Quantcast

The DNAinfo archives brought to you by WNYC.
Read the press release here.

Seeking Bigger Library, Montclare Residents 'Check Out' Hundreds of Books

By DNAinfo Staff on April 2, 2013 7:43am

CHICAGO — Residents in the Montclare neighborhood aren't quiet about their need for a full-fledged library branch.

About 100 patrons visited the tiny Galewood-Mont Clare branch of the Chicago Public Library Monday, with plans to check out dozens of books and leave the shelves bare.

Monday's event was aimed at increasing circulation at the branch and showing both the surrounding community and the city's central library office that the neighborhood needs a larger and permanent library, organizers said.

"We are doing this to galvanize the community," said Neal Wankoff, a member of the Galewood Residents Organization. "We're doing this to make our case for a new library."

Proponents of a new branch say the current location lacks basic library services, including computers and wireless Internet access.

The original neighborhood branch was at Grand and Sayre avenues until July 2010 when the landlord's financial woes forced it to move out.

That landlord owed the city $70,000 in property taxes and fees, which disqualified it from doing any business with the city, according to Ald. Nick Spasato (36th).

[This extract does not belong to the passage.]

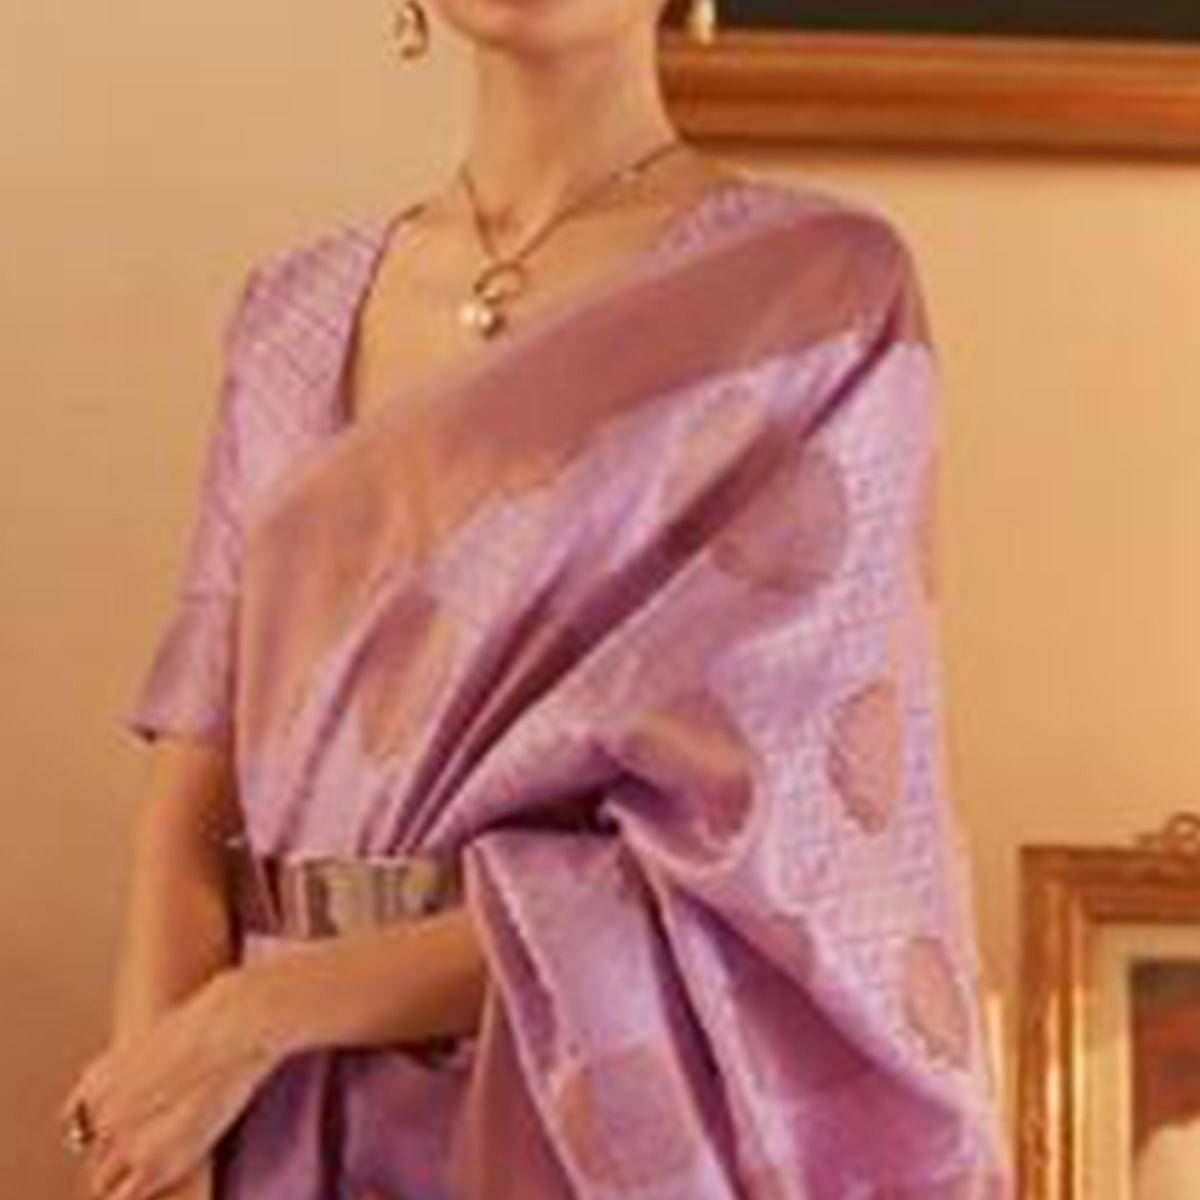 Purple Festive Wear Woven Silk Saree - Peachmode

The city moved to its current location in the Rutherford-Sayre Park Fieldhouse shortly after, a location meant to be temporary.

In all, 251 people checked out at least one item from the branch Monday, Wankoff said, many of whom met the library's limit of checking out 30 books at a time.

In February, 662 materials were checked out of the branch, the lowest of all open branches, according to library data. Downtown's Harold Washington Library Center had more than 67,600 checkouts the same month.

"We aren't doing this to bash the library or anything," said Spasato, who checked out 30 books Monday with no plans to read them. "That library in the park is a joke. The neighborhood is a library desert."

Library officials say the library system has wanted to find a permanent site for a branch in the neighborhood, even going as so far as identifying a location in 2011 two blocks away from the old site.

That plan fell through.

"It was unfortunate that the old branch had to close back in 2010," said Patrick Molloy, the library's director of government and public affairs. "We use that location at the park district as something still in the community. We are always looking for new opportunities, but we haven't been able to come up with anything."